Ouvrir le menu principal

Page:Stendhal - Armance, Lévy, 1877.djvu/205

Le texte de cette page a été corrigé et est conforme au fac-similé.



XIX


He unworthy you say ?
’Tis impossible. It would
Be more easy to die.

Deckar.


Octave crut remarquer que mademoiselle de Zohiloff le regardait quelquefois avec assez de tranquillité. En dépit de sa farouche vertu, qui lui défendait hautement de songer à des rapports qui n’existaient plus, il ne put s’empêcher de penser que c’était la première fois qu’il la revoyait depuis qu’il s’était avoué qu’il l’aimait ; le matin, dans le jardin, il était troublé par la nécessité d’agir. C’est donc là, se disait-il, l’impression que fait la vue d’une femme qu’on aime. Mais il est possible qu’Armance n’ait pour moi que de l’amitié. Cette nuit, c’était encore un mouvement de présomption qui me faisait penser le contraire.

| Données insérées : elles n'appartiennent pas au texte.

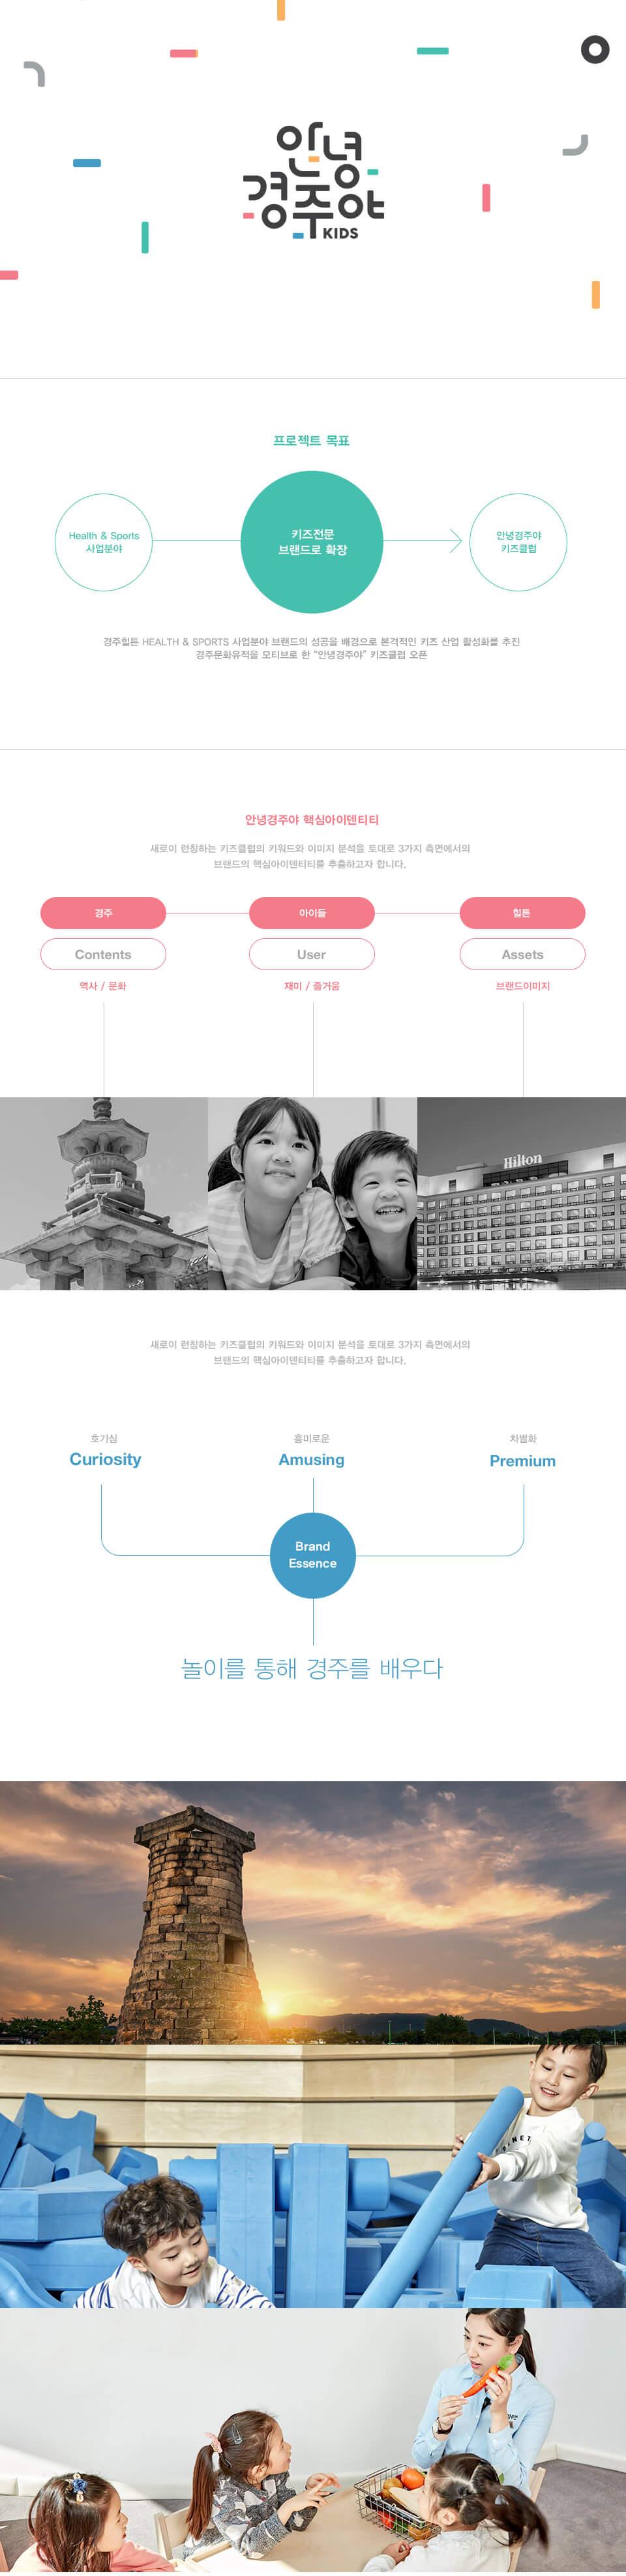 韓國國際飯店兒童俱樂部LOGO設計

Durant ce pénible déjeuner, on ne dit pas un mot du sujet qui occupait tous les cœurs. Pendant qu’Octave était chez son père, madame de Malivert avait fait appeler Armance pour lui apprendre l’étrange projet de voyage. Cette pauvre fille avait besoin de sincérité ; elle ne put s’empêcher de dire à madame de Malivert : Eh bien, maman, vous voyez si vos idées étaient fondées !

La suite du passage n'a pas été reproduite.